Caracterização dos sujeitos

Os dados mostraram que, dentre as 14 gestantes entrevistadas, oito tinham entre 27 e 33 anos de idade, três tinham idade entre 21 e 26 anos e três tinham até 20 anos. Dentre as gestantes, sete não tinham ocupação remunerada, quatro estavam empregadas, e três, desempregadas. A maioria (nove) tinha o ensino fundamental incompleto, enquanto que três possuíam o ensino médio completo e duas completaram o ensino fundamental.

A renda familiar de nove gestantes era de um a quatro salários mínimos vigentes à época (R$200,00 em maio/2002). Somente uma gestante possuía renda familiar acima de cinco salários mínimos; duas mulheres viviam com menos de um salário mínimo ao mês, e duas não souberam referir a renda mensal da família.

Dentre as 14 mulheres, seis viviam em união estável, e oito referiram namoro ou relacionamento casual com seus parceiros. Seis mulheres relacionavam-se com homens soropositivos para o HIV, enquanto que cinco tinham parceiros com sorologia negativa e três desconheciam sua condição sorológica. Dez gestantes declararam que seus parceiros eram saudáveis.
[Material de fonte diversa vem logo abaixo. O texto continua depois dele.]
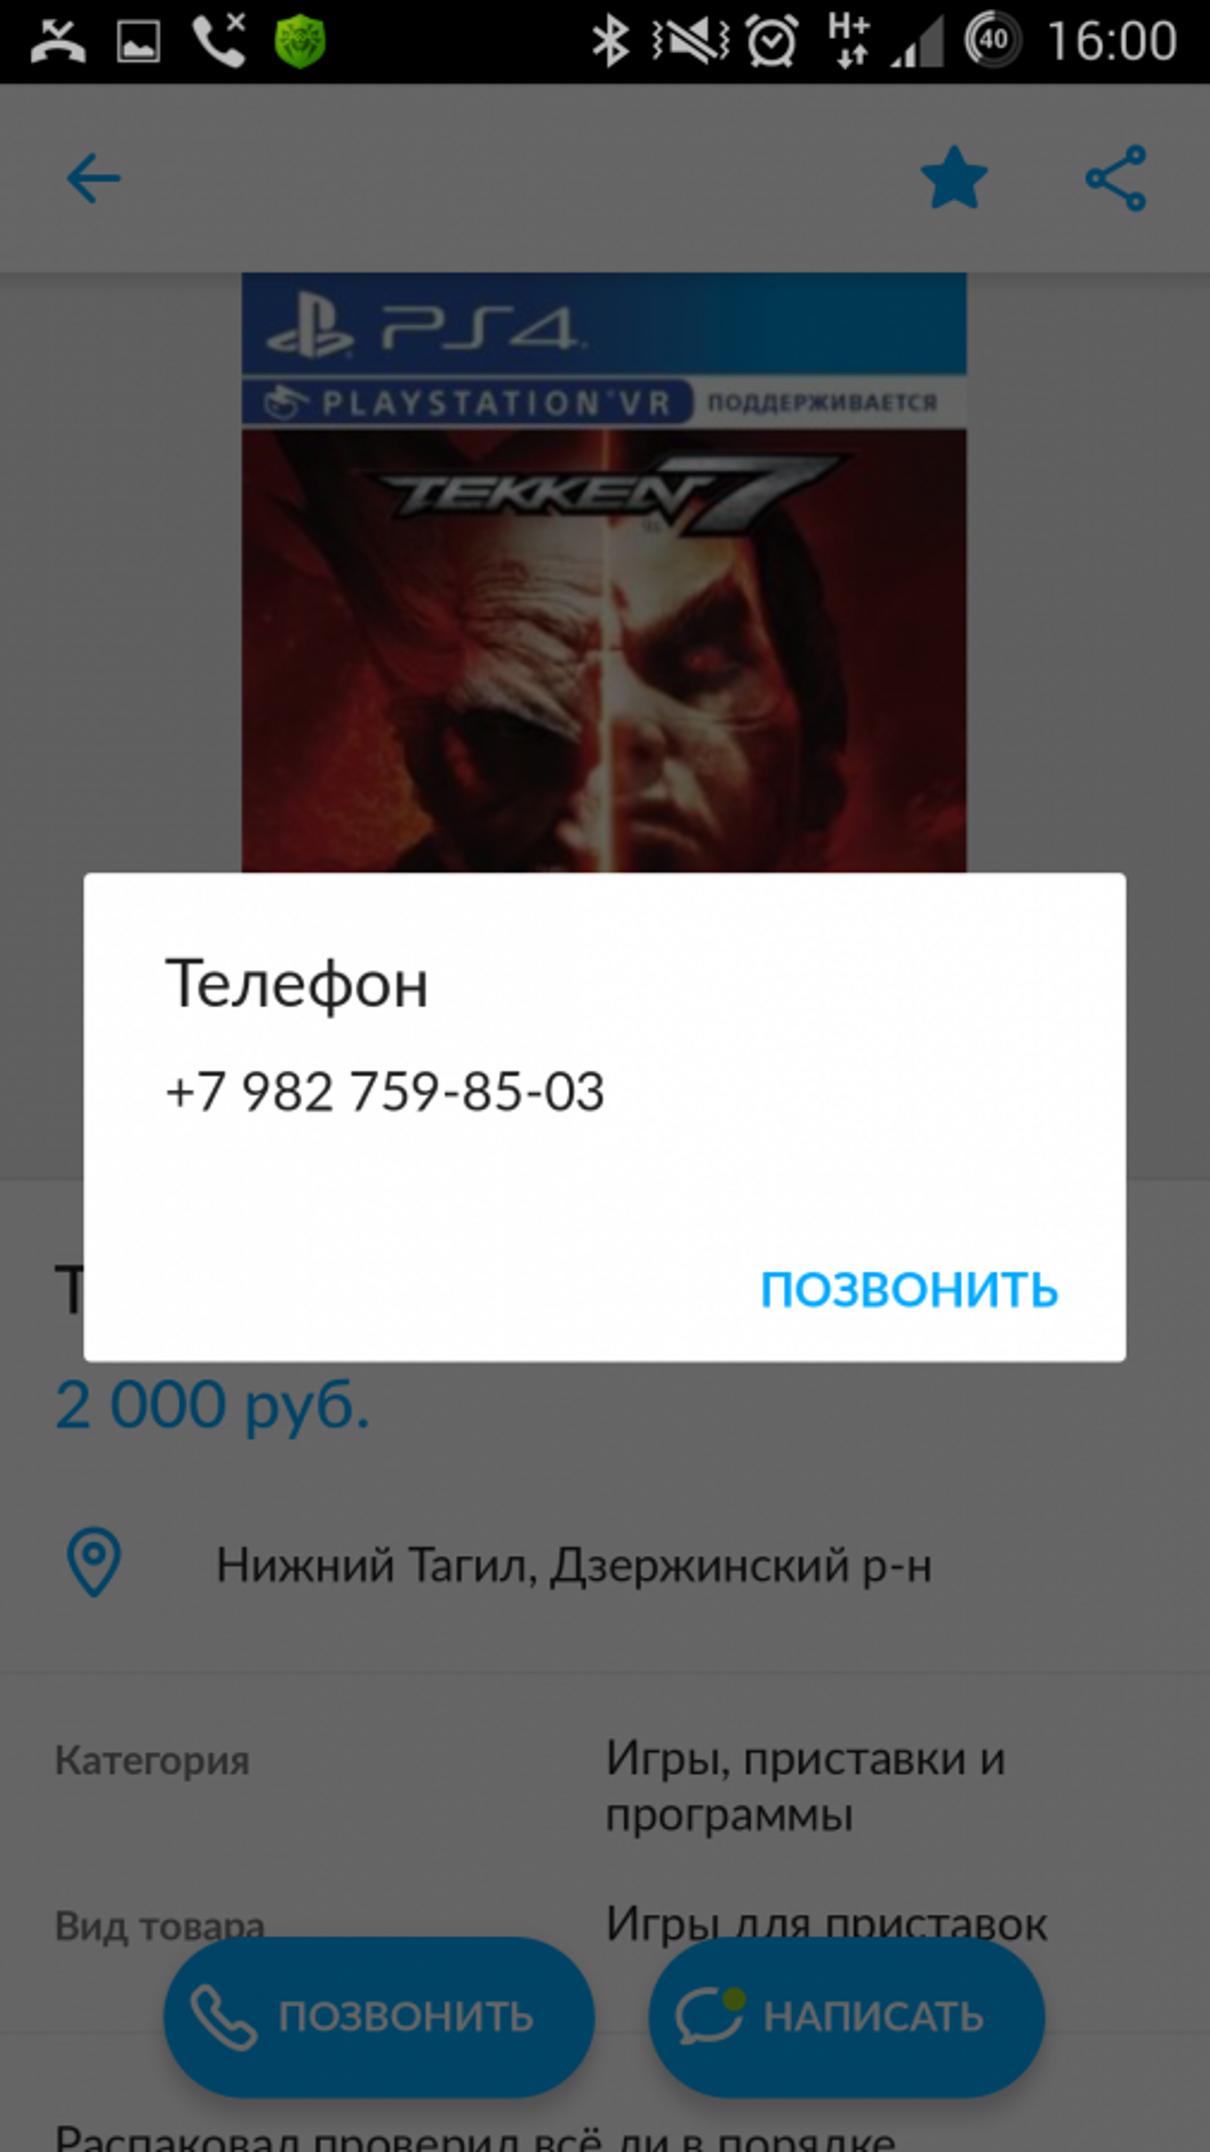 Жалоба-отзыв: Богдан - Не поиграл на PS4.  Фото №2

Os dados mostraram, também, que sete gestantes vivenciavam a 3ª ou 4ª gravidez, quatro eram grandes multíparas e três a 1ª ou 2ª gravidez. Verificou-se, também, que somente uma gestante era nulípara.

Em relação aos filhos vivos, doze mulheres possuíam filhos saudáveis e apenas uma desconhecia a saúde do filho por estar separada dele. Somente três gestantes planejaram a gravidez.
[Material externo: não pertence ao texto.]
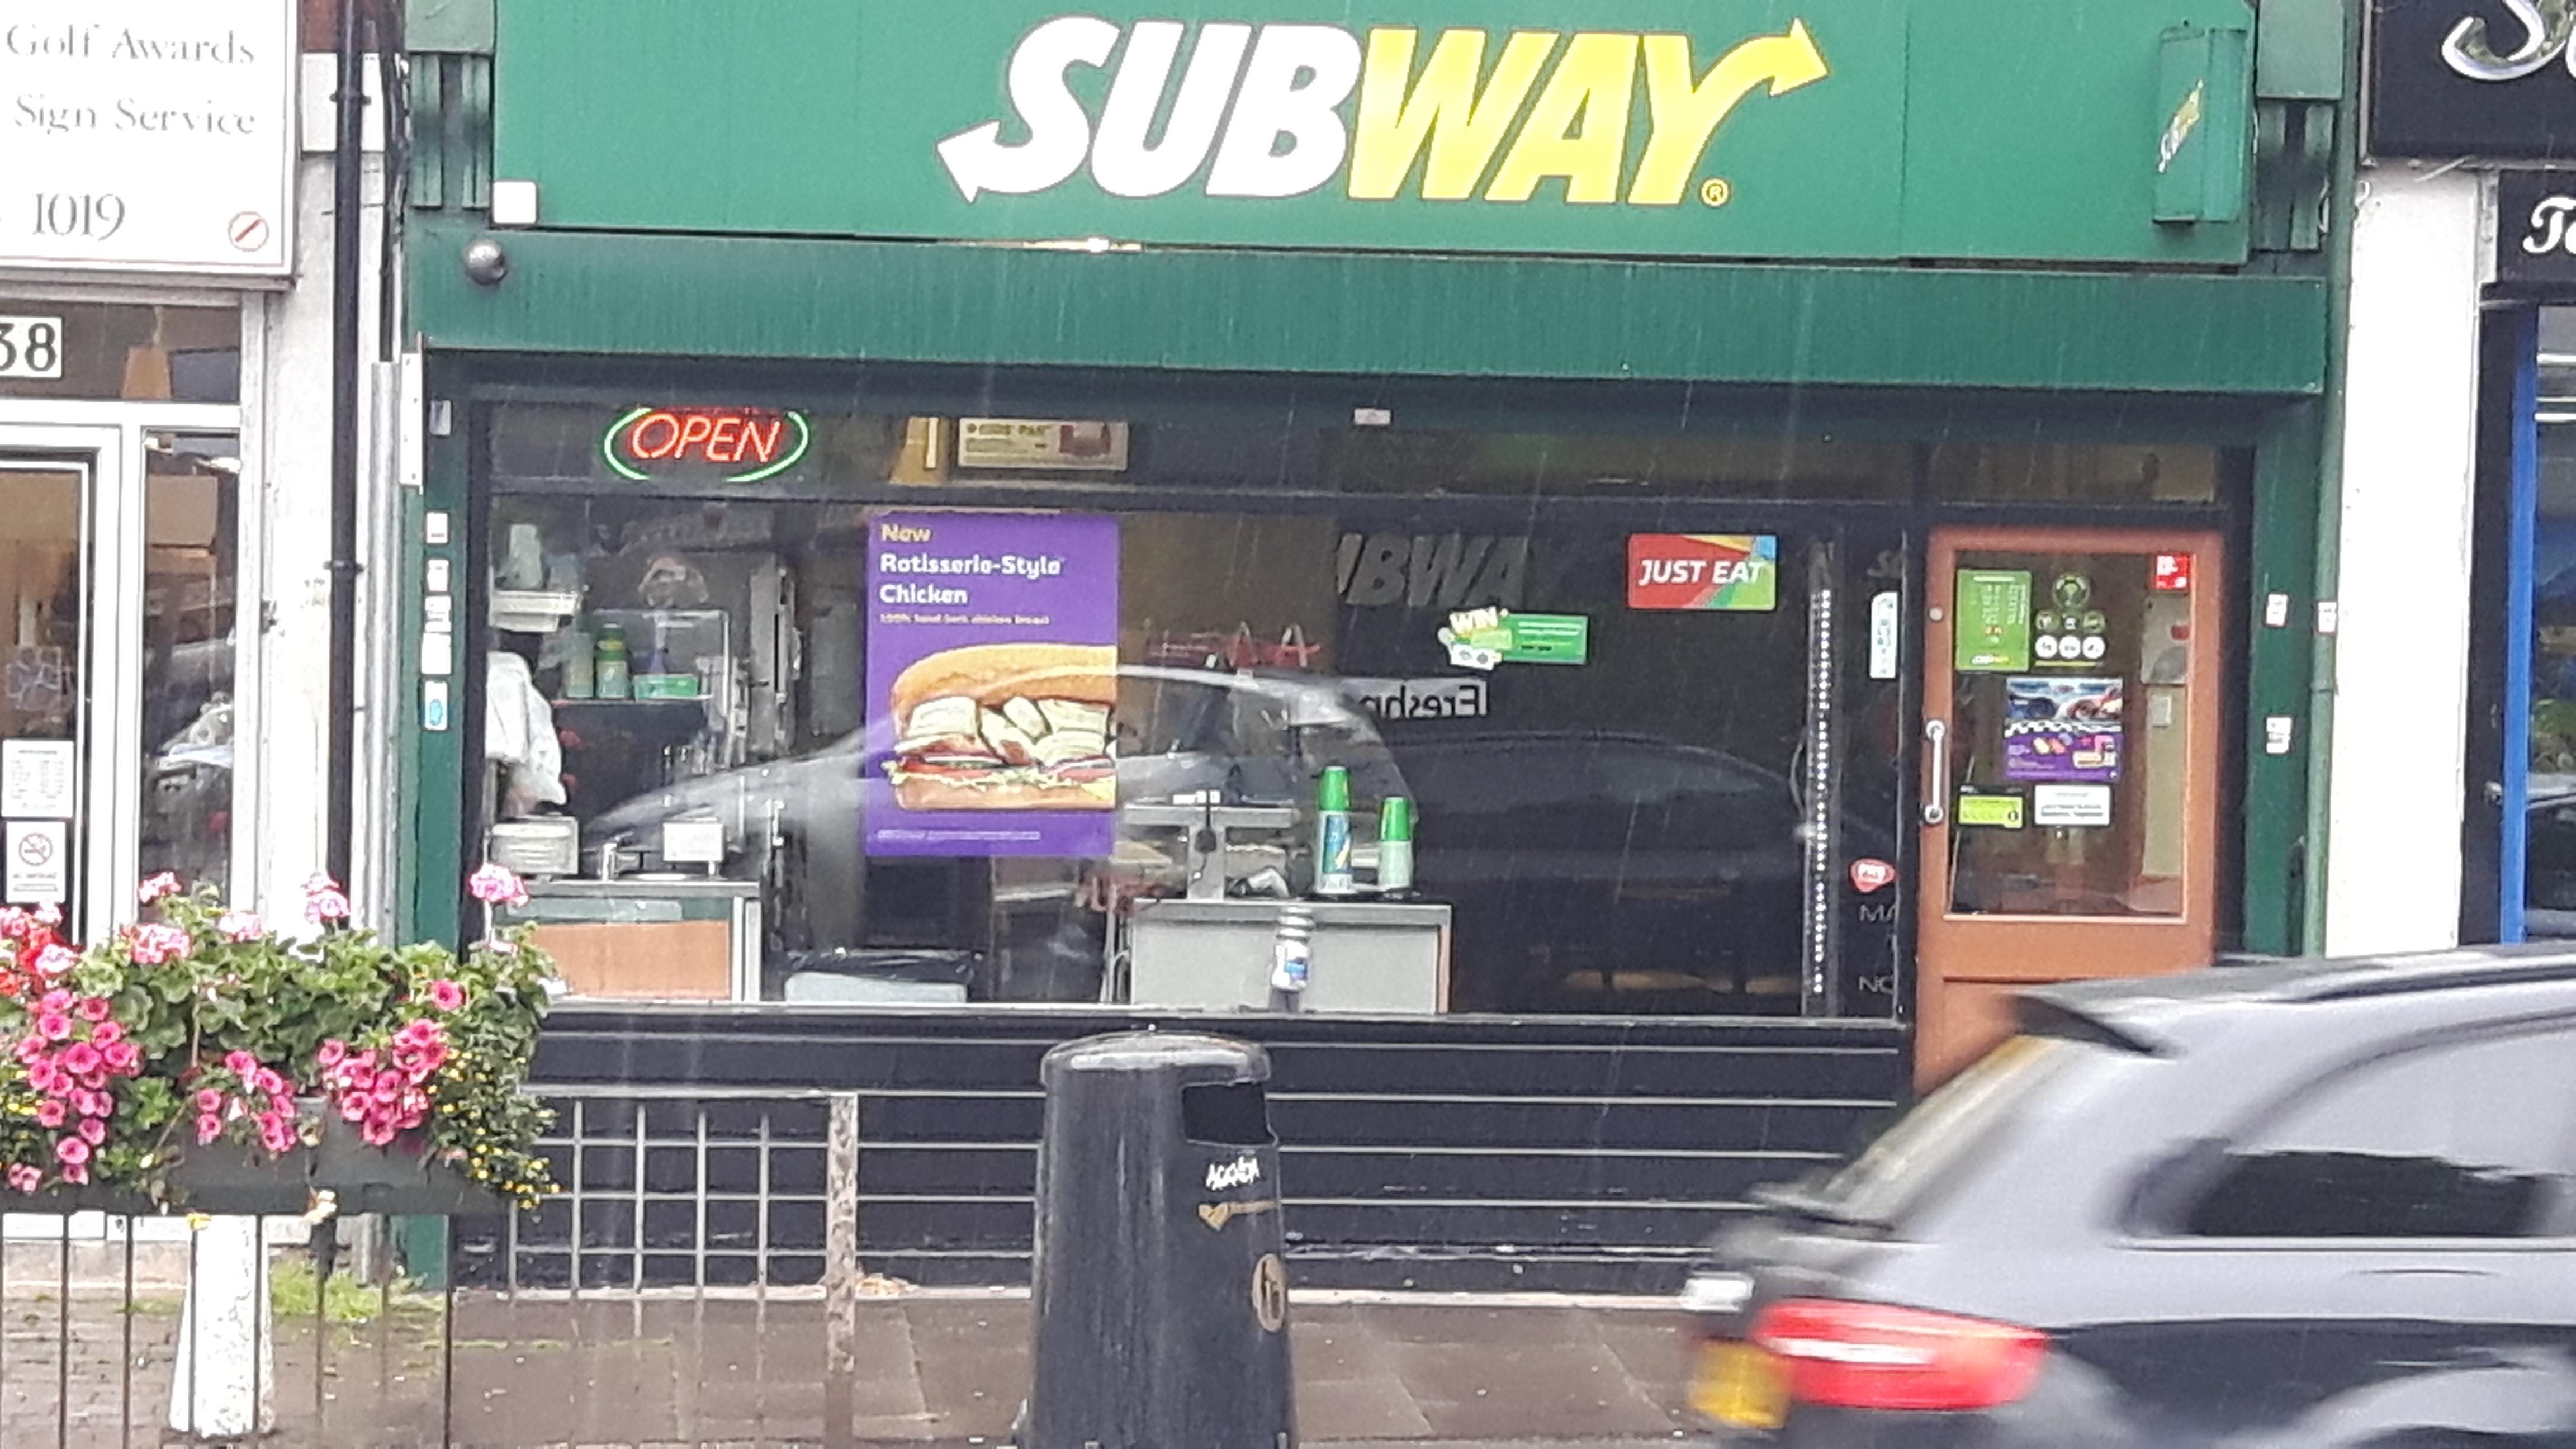 Premier Halal Subway Store In Prime, Vibrant, Birmingham Location

Sete mulheres sabiam de sua soropositividade por aproximadamente um a quatro anos, quatro conheciam a soropositividade entre cinco a oito anos, e três tinham esse conhecimento entre nove e doze anos. Anteriormente à gravidez, oito mulheres faziam uso de antiretrovirais, enquanto que, na gestação atual, as 14 gestantes entrevistadas seguiam o tratamento.

Discurso do Sujeito Coletivo

A análise do conteúdo dos relatos obtidos resultou em dez temas, destes, selecionaram-se dois para serem apresentados neste texto: "Adaptando-se à condição de estar grávida sendo HIV positivo" e "Acreditando que o bebê será soronegativo para o HIV, mesmo que nasça com o vírus", os quais serão apresentados a seguir.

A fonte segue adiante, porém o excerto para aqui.